L'indicible / L'ineffable (cours sur le langage)
L'ineffable.
Il est des réalités intraduisibles par le langage.
- Dans le domaine psychologique:
Le langage paraît en effet inapte à traduire dans toutes ses nuances ce que nous sentons. Il ne saurait évidemment faire partager la sensation elle-même : comme l'observait Leibniz, « nous ne saurions connaître le goût de l'ananas par la relation de nos voyageurs ».
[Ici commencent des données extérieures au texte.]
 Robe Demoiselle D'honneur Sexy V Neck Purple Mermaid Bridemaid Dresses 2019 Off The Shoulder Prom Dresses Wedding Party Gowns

- Dans les émotions, sentiments, passions de la vie affective, il existe bien des nuances individuelles que le langage ne traduit que fort imparfaitement: un « je-ne-sais-quoi » intraduisible, un « presque-rien » inexprimable. Les douleurs d'une extrême intensité sont-elles dicibles? « Les grandes douleurs sont muettes. » disait le vieux Sénèque (philosophe stoïcien, Ier siècle après J.C.). Les grandes joies le sont sans doute également. Les « je t'aime » que nous prononçons ont été cent fois, mille fois, prononcés et entendus par d’autres : « Tout est dit depuis huit mille ans qu'il y a des hommes et qui pensent » (La Bruyère). Les mots sont usés, élimés.
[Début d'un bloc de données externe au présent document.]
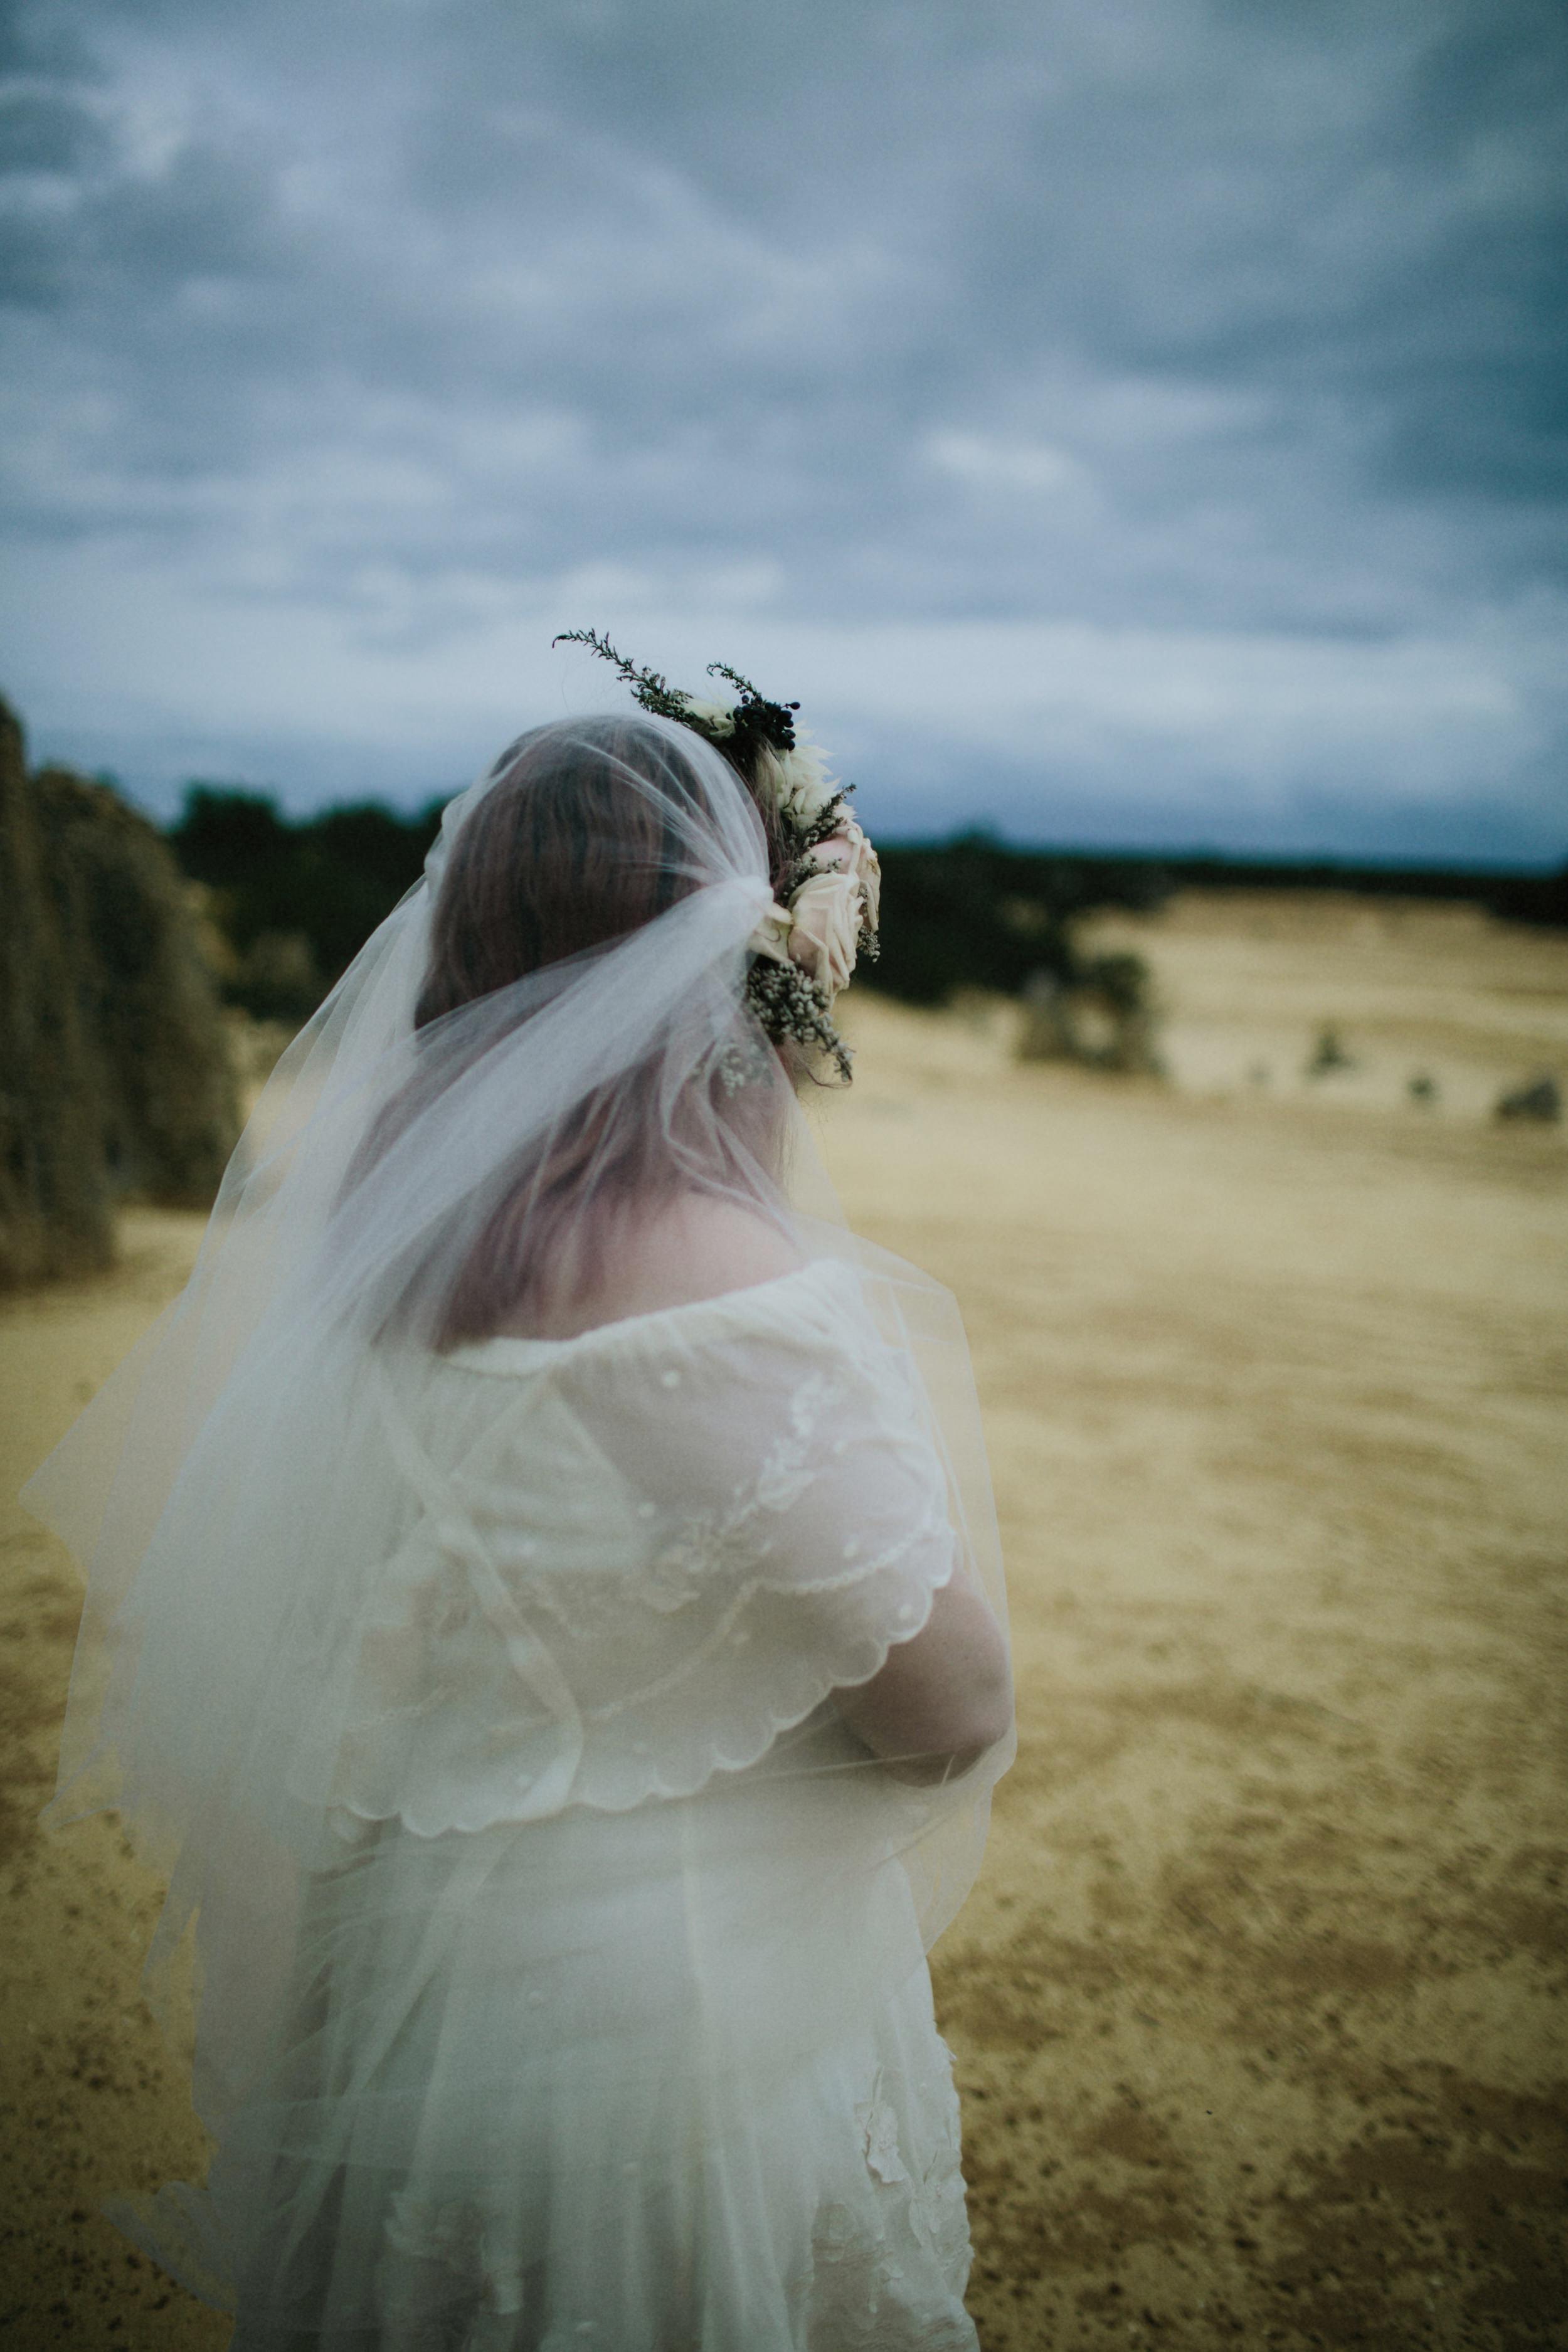 I-Got-You-Babe-Weddings-Hannah-Brent-Anniversary0047.JPG

Pour Roland Barthes (1915-1980), il est impossible de transcrire de façon directe et absolue ses sentiments. « Écrire l'amour c'est affronter le gâchis du langage, cette région d'affolement où le langage est à la fois trop et trop peu » (R. Barthes, Fragments d'un discours amoureux, p. 115, éd. du Seuil, 1977).
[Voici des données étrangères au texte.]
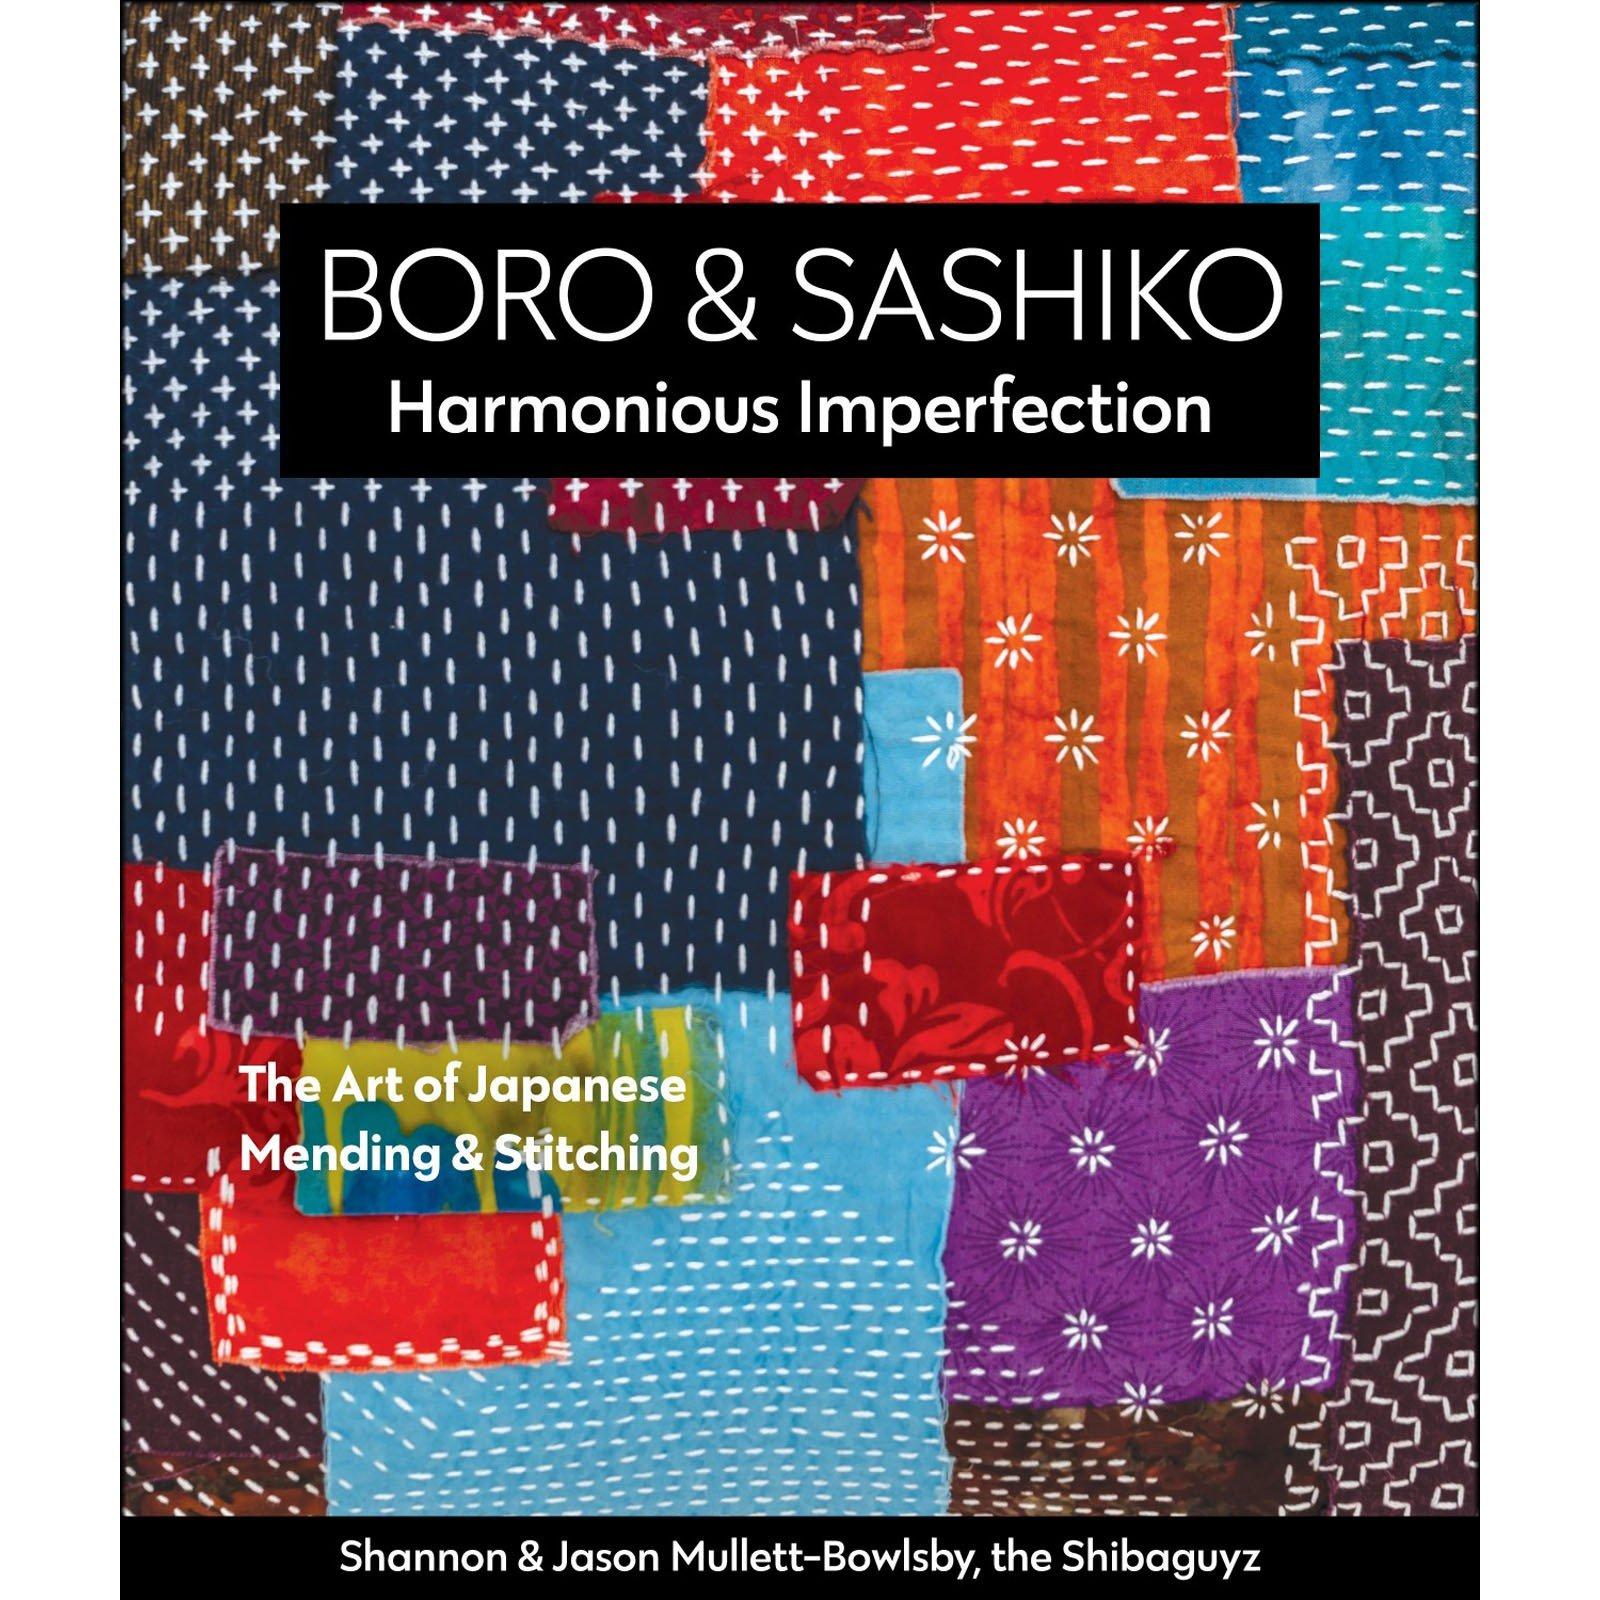 Shannon & Jason Mullett-Bowlsby - Boro & Sashiko - Book 11379

- Dans le domaine religieux ou métaphysique: Qui reconnaît l'existence d'un être infini, reconnaît par là même l'impuissance de l'intelligence humaine à le comprendre pleinement et celle du langage humain à l'exprimer adéquatement. Dieu, c'est « l'ineffablement élevé » (Concile de Trente). « Les voies du Seigneur sont impénétrables », dit-on encore. Toute idée que l'on se fait de la divinité se voit démasquée dans son inadéquation à délimiter ce qui est sans limite. Dieu est l'indicible sur lequel rien ne peut être affirmé (théologie négative). Le silence serait l'expression normale de l'inconditionné. Sainte Thérèse d’Avila (religieuse mystique espagnol du XIVe) : la méditation et au silence intérieur, conditions préalables à un retour au plus profond de l'être, là où Dieu parle en secret à l'âme.
TRANSITION = L'ineffable est flou, imprécis et obscur. Seul, le mot détermine, structure et forme la pensée. Ne pense-t-on pas en mots comme on paie en euros ou en dollars? Le mot n'est-il pas l'unité même de la pensée comme le point mathématique est l'unité, l'élément même de la géométrie? Consubstantialité entre langage et pensée (=> Thèse de Hegel).